* **TASK TO CARRY OUT**
Copy each line below in which the word "ナチュラル" occurs.

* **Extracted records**
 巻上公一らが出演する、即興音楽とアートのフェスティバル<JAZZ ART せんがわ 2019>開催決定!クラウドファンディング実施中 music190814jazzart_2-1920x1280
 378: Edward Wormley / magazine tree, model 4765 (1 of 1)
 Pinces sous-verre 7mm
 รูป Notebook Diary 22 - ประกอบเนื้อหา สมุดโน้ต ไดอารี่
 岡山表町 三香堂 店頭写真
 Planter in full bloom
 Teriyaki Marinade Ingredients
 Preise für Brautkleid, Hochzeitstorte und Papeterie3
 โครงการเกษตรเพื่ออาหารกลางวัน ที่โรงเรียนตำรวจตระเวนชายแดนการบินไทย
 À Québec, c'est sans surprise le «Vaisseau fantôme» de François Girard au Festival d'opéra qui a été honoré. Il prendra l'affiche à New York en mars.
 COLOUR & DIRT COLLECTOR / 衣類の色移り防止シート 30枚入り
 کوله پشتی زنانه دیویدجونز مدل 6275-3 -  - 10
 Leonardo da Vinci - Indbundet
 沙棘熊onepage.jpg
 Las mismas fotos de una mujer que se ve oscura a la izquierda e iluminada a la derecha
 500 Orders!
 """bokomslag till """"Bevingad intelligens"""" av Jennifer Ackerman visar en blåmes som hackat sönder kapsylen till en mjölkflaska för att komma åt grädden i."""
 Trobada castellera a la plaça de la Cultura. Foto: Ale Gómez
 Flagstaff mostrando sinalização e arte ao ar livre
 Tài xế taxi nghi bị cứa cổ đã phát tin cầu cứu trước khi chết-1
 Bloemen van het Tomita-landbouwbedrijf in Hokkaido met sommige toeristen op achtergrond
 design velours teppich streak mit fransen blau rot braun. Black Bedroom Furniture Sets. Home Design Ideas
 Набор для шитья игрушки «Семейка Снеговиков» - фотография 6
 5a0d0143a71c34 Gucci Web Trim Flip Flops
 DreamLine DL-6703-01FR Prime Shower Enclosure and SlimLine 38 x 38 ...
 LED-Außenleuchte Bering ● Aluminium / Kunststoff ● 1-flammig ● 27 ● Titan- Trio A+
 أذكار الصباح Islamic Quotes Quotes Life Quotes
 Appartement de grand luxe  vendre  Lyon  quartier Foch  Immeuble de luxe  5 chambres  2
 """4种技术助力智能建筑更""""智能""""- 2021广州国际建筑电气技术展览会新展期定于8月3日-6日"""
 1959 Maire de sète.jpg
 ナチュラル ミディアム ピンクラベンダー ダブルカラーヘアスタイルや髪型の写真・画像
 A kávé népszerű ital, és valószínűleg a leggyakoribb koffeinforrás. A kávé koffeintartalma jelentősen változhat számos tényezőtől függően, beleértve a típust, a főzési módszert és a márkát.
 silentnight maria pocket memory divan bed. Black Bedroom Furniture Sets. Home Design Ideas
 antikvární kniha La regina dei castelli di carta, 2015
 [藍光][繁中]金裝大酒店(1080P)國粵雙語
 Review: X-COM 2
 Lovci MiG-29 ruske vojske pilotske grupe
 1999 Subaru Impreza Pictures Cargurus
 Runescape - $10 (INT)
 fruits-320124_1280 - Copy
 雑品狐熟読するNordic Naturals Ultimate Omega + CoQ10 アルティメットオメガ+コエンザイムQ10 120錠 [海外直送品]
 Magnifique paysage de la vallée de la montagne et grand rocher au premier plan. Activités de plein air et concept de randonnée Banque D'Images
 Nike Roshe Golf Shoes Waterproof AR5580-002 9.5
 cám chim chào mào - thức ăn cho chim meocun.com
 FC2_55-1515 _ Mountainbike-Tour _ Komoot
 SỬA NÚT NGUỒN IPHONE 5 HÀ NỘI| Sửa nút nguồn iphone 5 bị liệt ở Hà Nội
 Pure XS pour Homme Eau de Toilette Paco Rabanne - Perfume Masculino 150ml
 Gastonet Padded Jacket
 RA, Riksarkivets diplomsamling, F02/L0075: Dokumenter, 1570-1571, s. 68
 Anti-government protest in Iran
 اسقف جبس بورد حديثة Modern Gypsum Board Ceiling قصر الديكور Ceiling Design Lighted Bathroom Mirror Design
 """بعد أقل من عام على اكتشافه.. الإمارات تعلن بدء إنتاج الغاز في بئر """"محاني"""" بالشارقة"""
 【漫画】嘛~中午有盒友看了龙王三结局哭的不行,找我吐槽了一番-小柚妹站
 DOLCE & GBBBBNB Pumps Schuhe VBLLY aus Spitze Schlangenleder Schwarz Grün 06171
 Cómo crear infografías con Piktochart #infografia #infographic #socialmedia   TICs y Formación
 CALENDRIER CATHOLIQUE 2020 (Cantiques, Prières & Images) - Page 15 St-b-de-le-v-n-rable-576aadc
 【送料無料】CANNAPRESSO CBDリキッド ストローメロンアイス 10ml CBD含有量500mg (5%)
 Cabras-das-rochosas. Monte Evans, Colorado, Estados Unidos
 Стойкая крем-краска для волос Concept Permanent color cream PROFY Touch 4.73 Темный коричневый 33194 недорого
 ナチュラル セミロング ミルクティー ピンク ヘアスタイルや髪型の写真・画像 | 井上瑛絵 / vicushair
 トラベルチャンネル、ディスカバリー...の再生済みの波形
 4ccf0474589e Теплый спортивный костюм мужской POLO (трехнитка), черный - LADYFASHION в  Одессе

* **EXERCISE ANSWER**
 ナチュラル ミディアム ピンクラベンダー ダブルカラーヘアスタイルや髪型の写真・画像
 ナチュラル セミロング ミルクティー ピンク ヘアスタイルや髪型の写真・画像 | 井上瑛絵 / vicushair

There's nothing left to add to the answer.